Neurotensin(8-13), the carboxyl-terminal portion of
neurotensin, is 4-50 times more potent than native
neurotensin in binding to intact
neuroblastoma N1E-115 cells and human brain tissue and in stimulation of intracellular
cyclic GMP production and
inositol phospholipid hydrolysis in clone N1E-115 (Gilbert JA and Richelson E, Eur J Pharmacol 99: 245-246, 1984; Gilbert JA et al., Biochem Pharmacol 35: 391-397, 1986; Kanba KS et al., J Neurochem 46: 946-952, 1986; and Kanba KS and Richelson E, Biochem Pharmacol 36: 869-874, 1987). A series of novel analogs of
neurotensin (8-13) was synthesized, and a structure-activity study was done comparing the abilities of these
peptides to stimulate intracellular
cyclic GMP production in intact
neuroblastoma clone N1E-115 and to inhibit the binding of [3H]
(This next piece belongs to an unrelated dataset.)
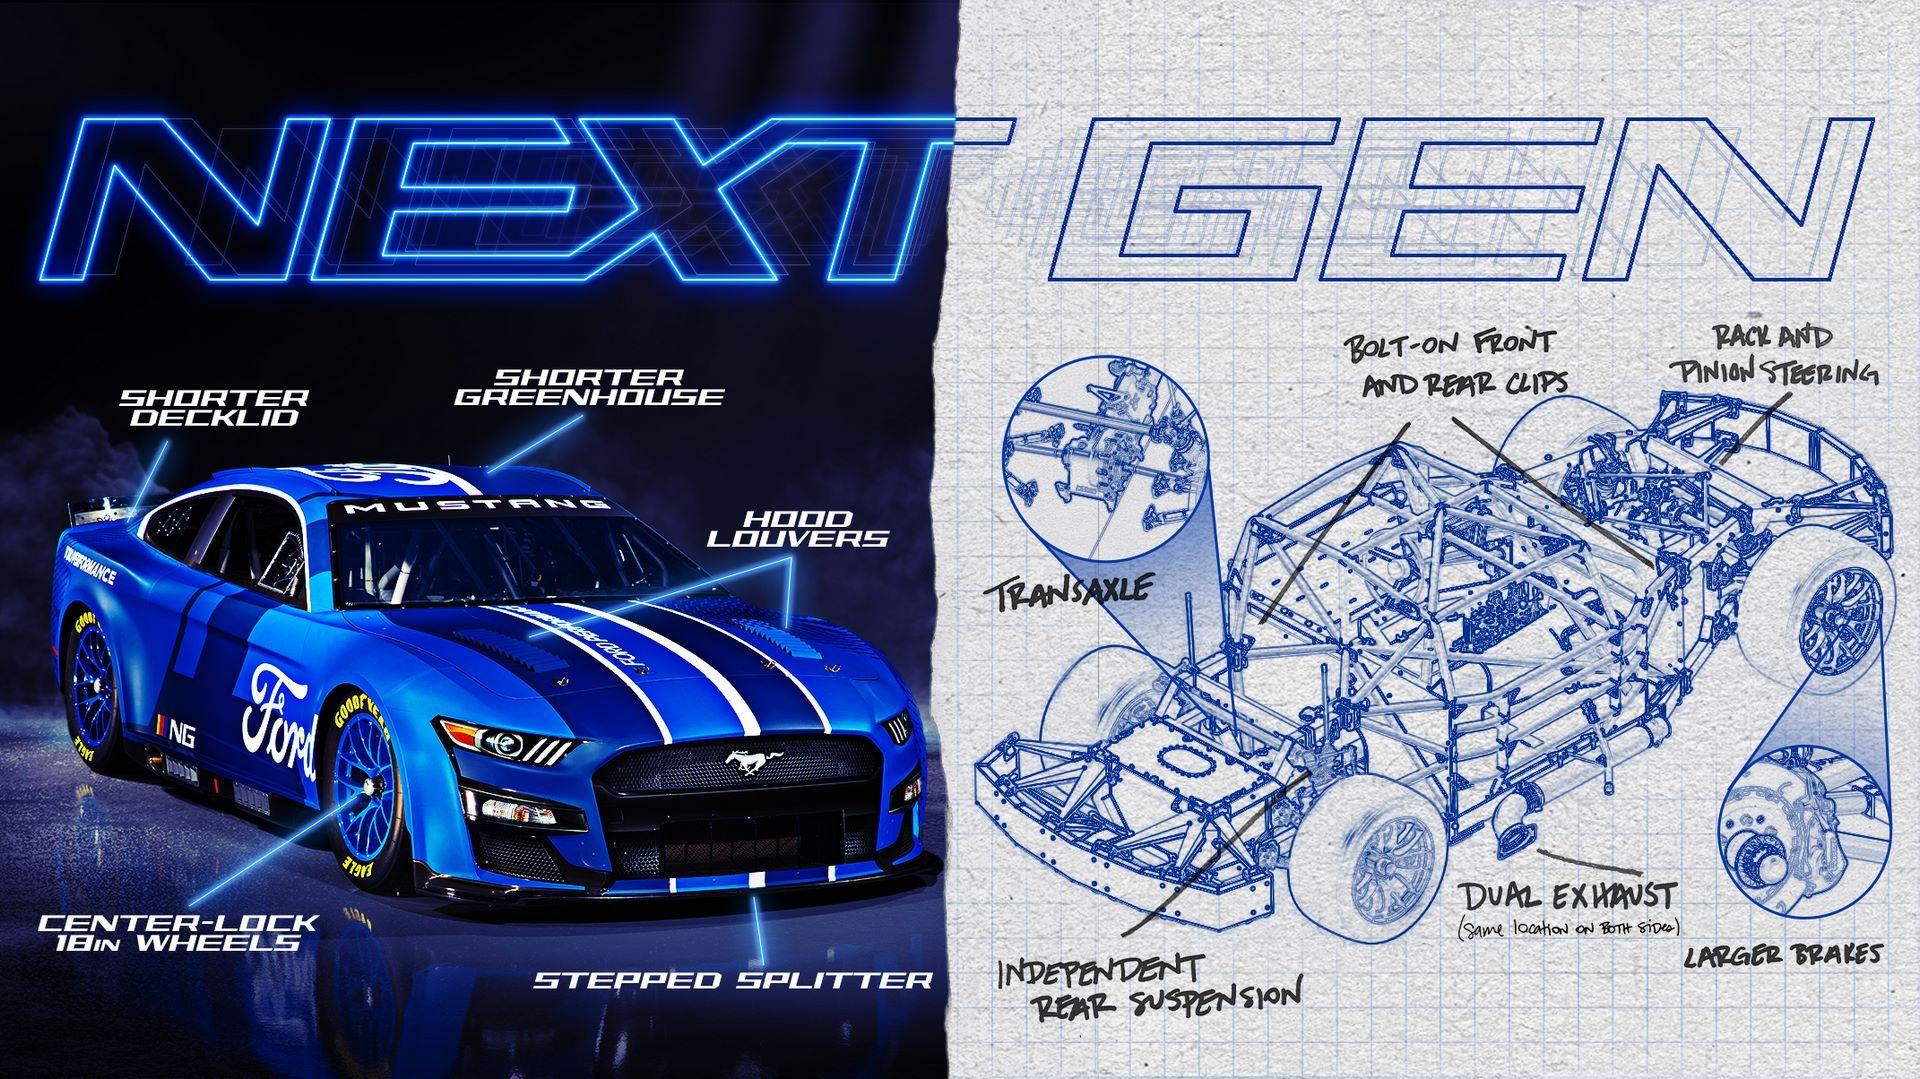 Ford-Mustang-Next-Gen-Nascar-15

neurotensin to these cells and to membranal preparations from human brain. A direct correlation was found for each analog between its EC50 for biochemical activity and its KD for binding ability in studies with clone N1E-115. Furthermore, a strong correlation existed for each
peptide between its KD for binding to
neurotensin receptors on these cells and its KD for binding to
neurotensin receptors in human brain tissue. In this study, the residues that were important to the biochemical and binding activities of
neurotensin (8-13) proved to be identical to the
amino acids that are necessary for the functional integrity of native
neurotensin (Gilbert JA et al., Biochem Pharmacol 35: 391-397, 1986.